▸ **DATASET CONTENT**:
══════════════════════════════

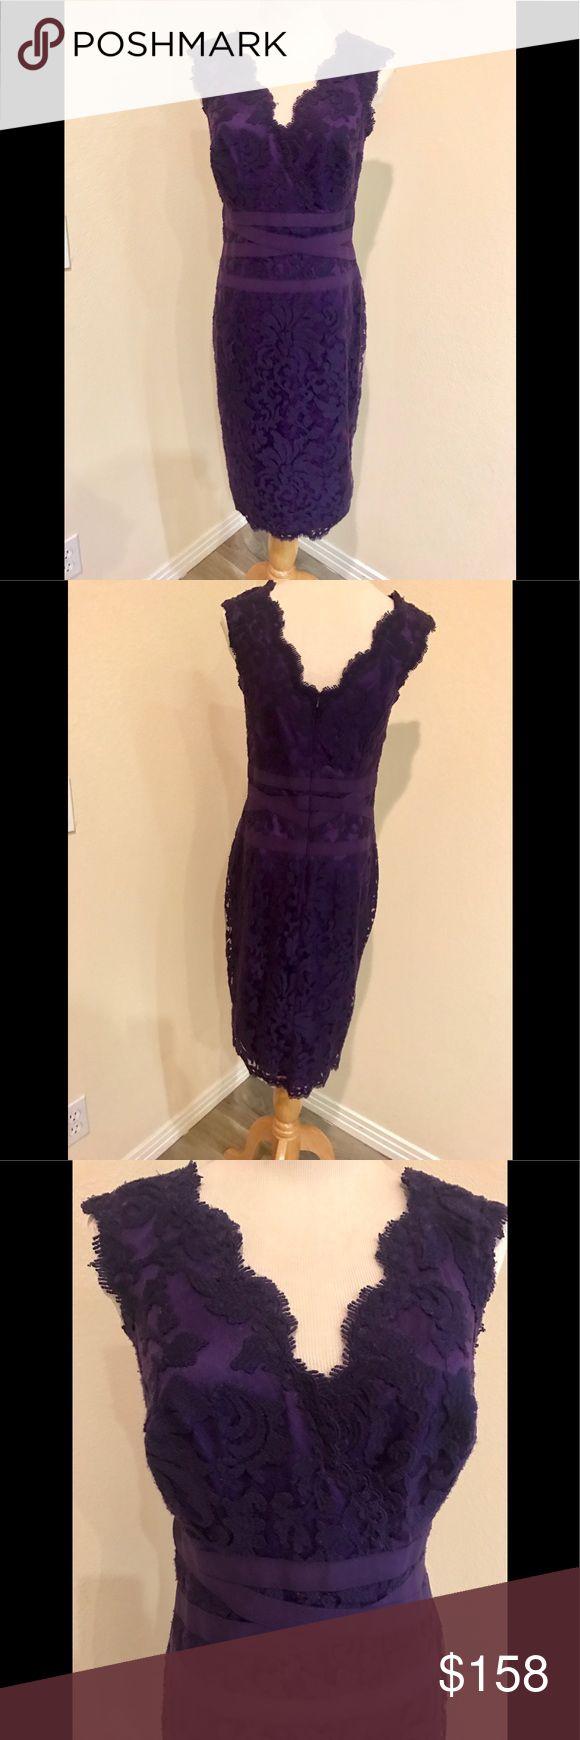 Tadashi Shoji purple v-neck lace cocktail dress NWT.  CHEST: 35 WAIST: 27.5 HIPS: 38 Fit more like Size 8/10 Tadashi Shoji Dresses Midi
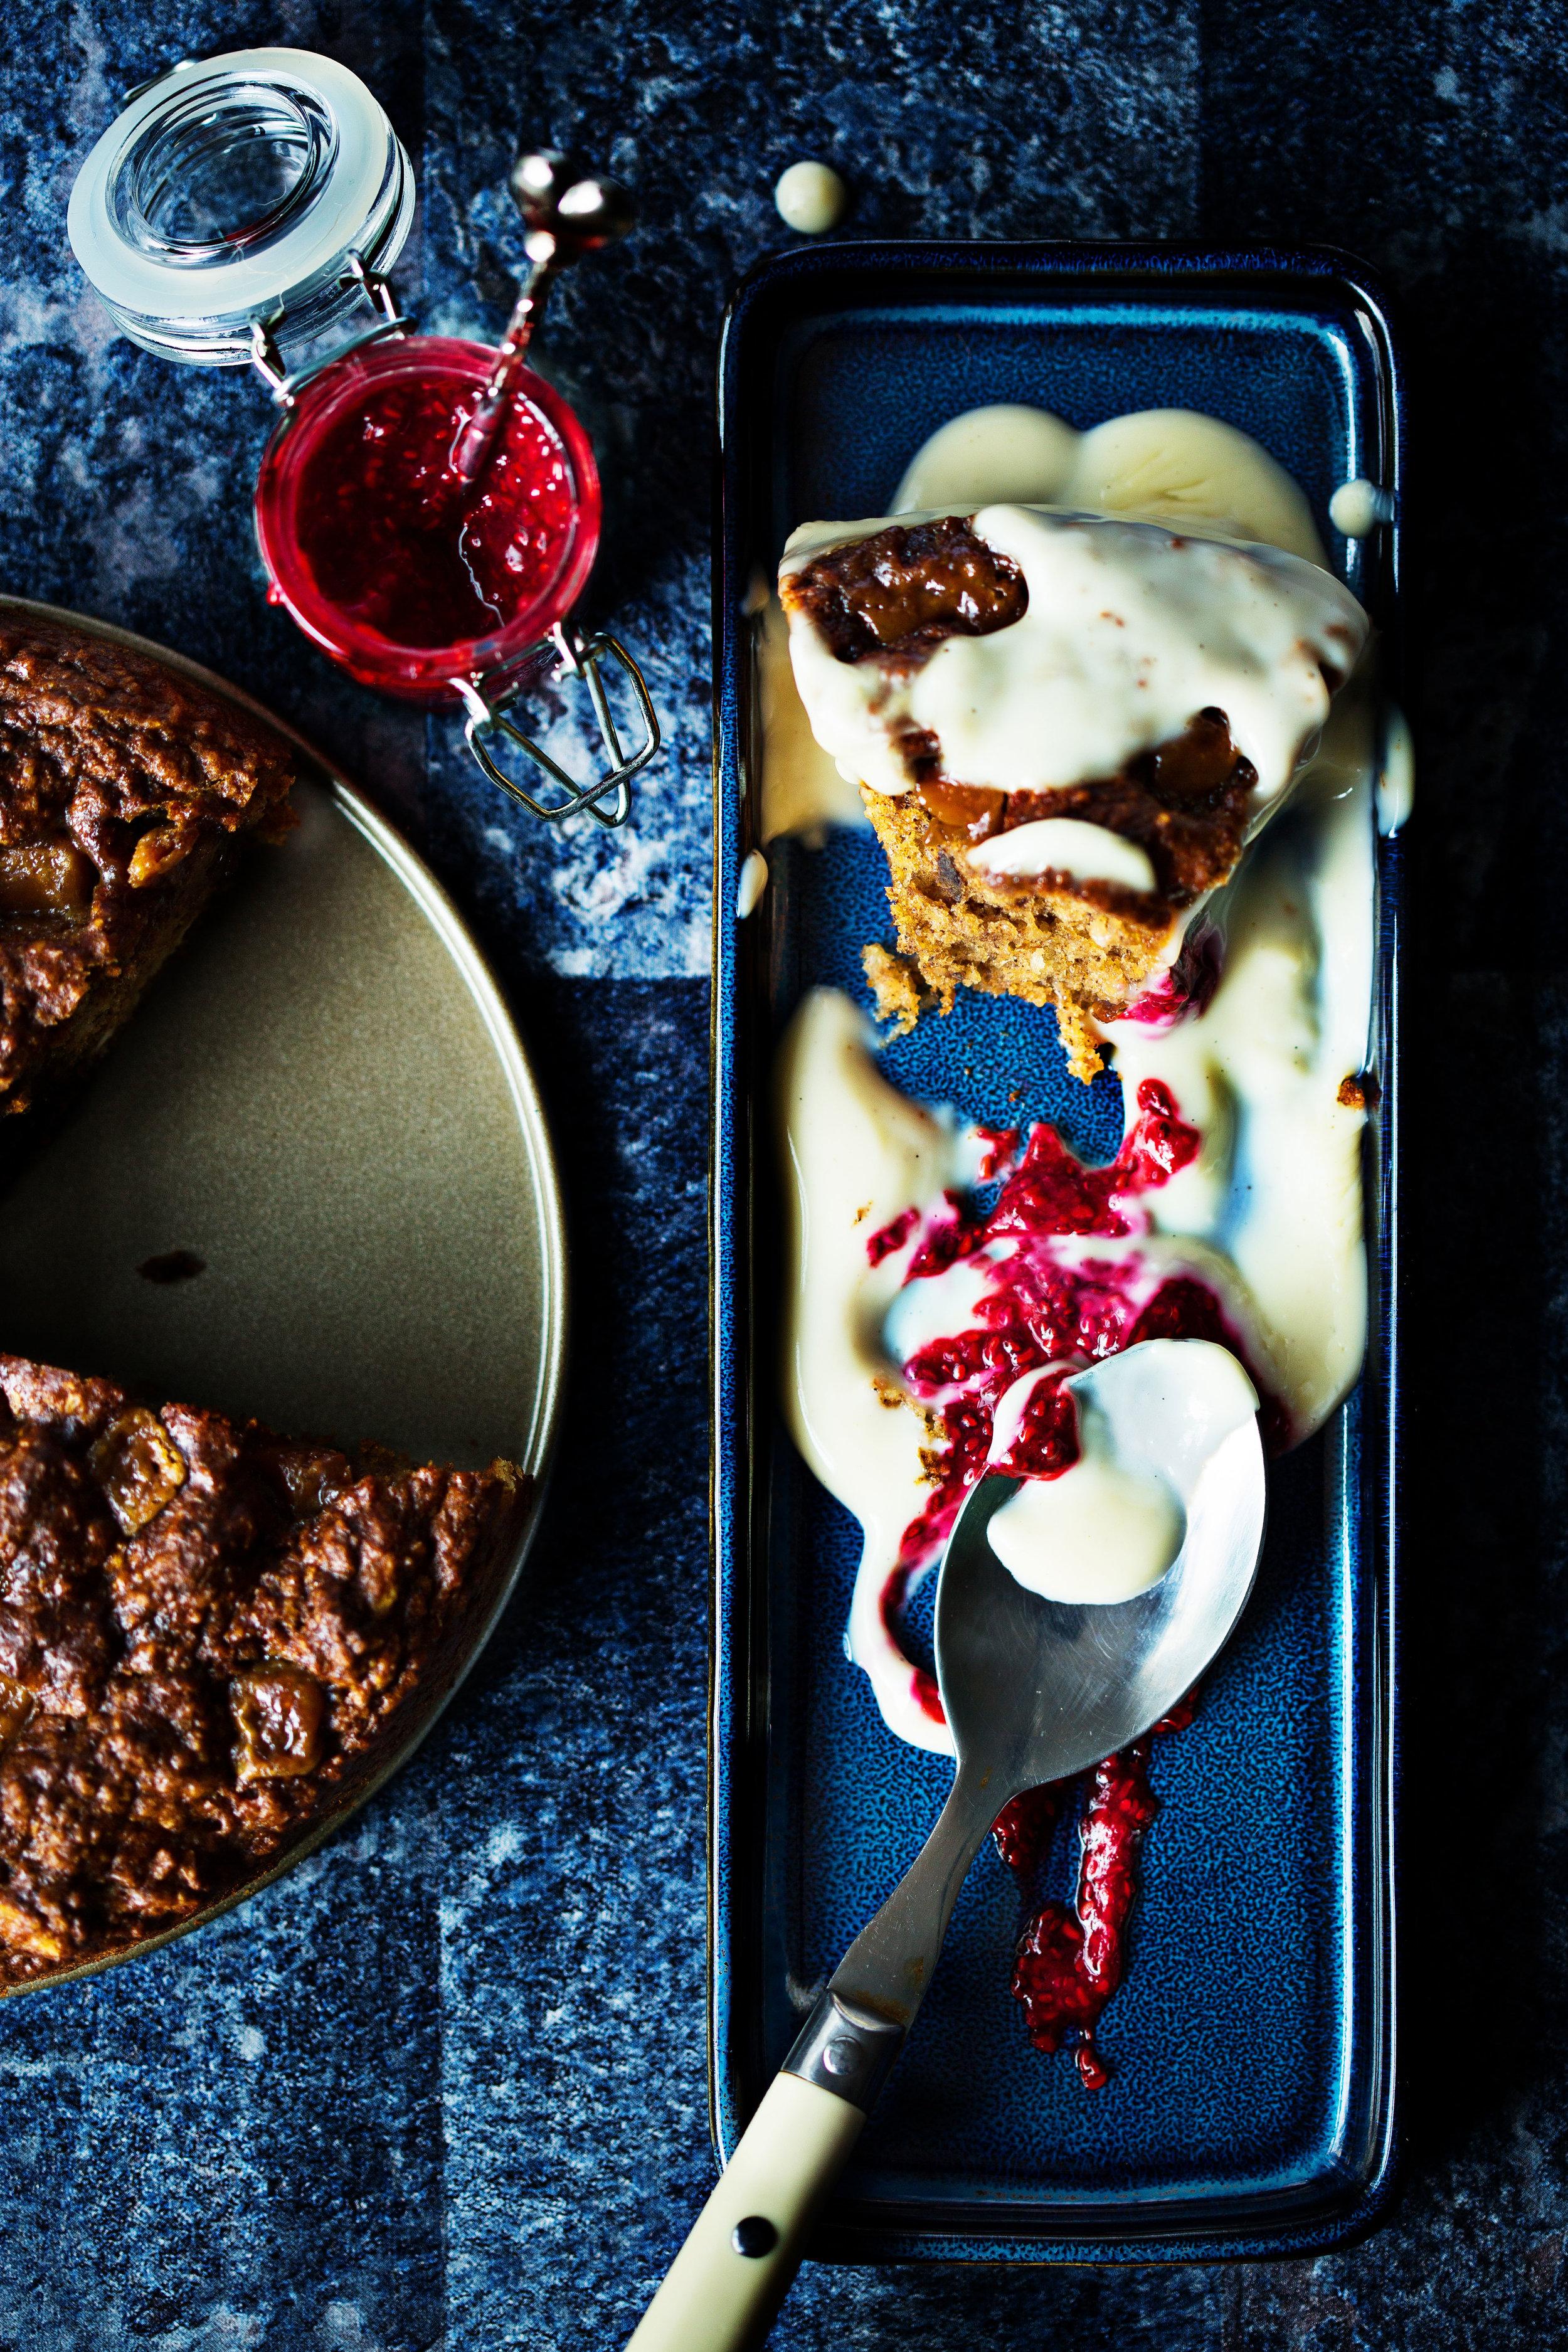 Jam-and-custard-banana-cake.jpg
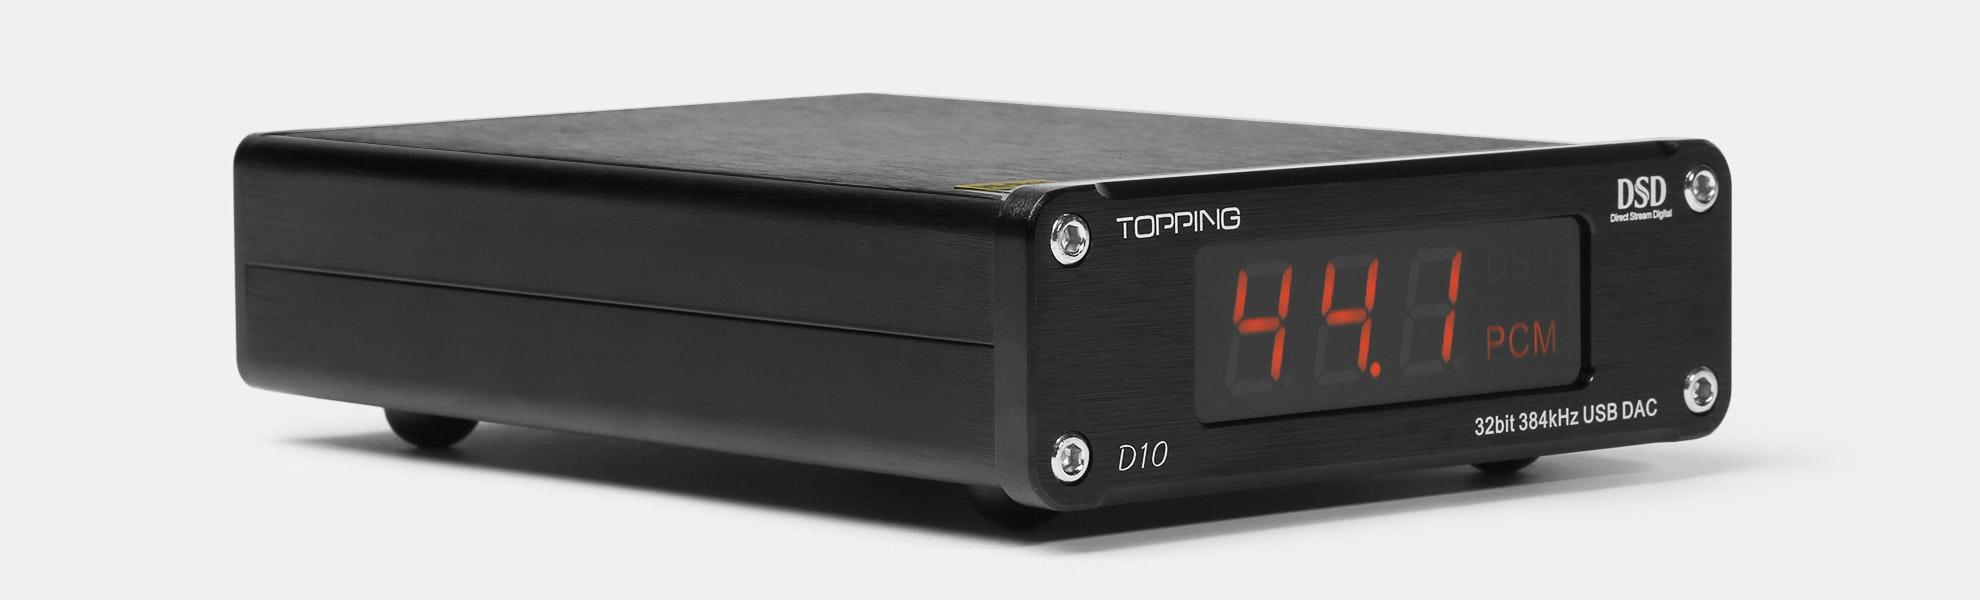 Topping D10 DAC
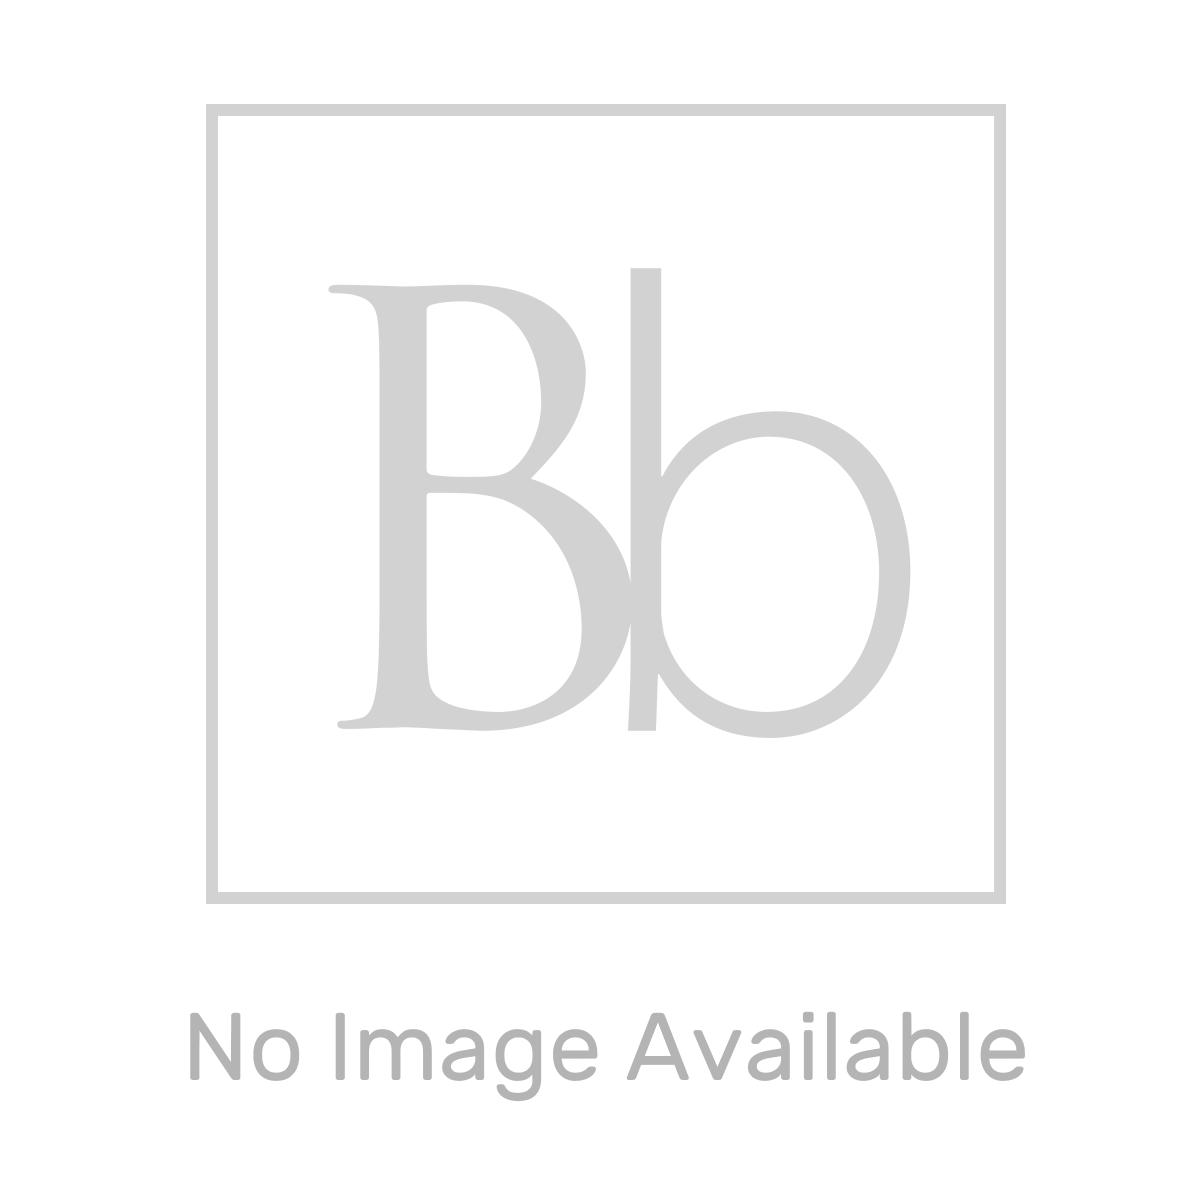 Bathrooms To Love Rectangular Single Ended Bath 1700mm x 750mm

══════════════════════════════

▸ **REQUIRED WORK**: Exactly the lines from the one that contains "Jam-and-custard-banana-cake.jpg" to the last line of the data, both included, should be set down, and no pictures should appear among them.

▸ **ANSWER FOR THE TASK**:
 Jam-and-custard-banana-cake.jpg
 Topping D10 DAC
 Bathrooms To Love Rectangular Single Ended Bath 1700mm x 750mm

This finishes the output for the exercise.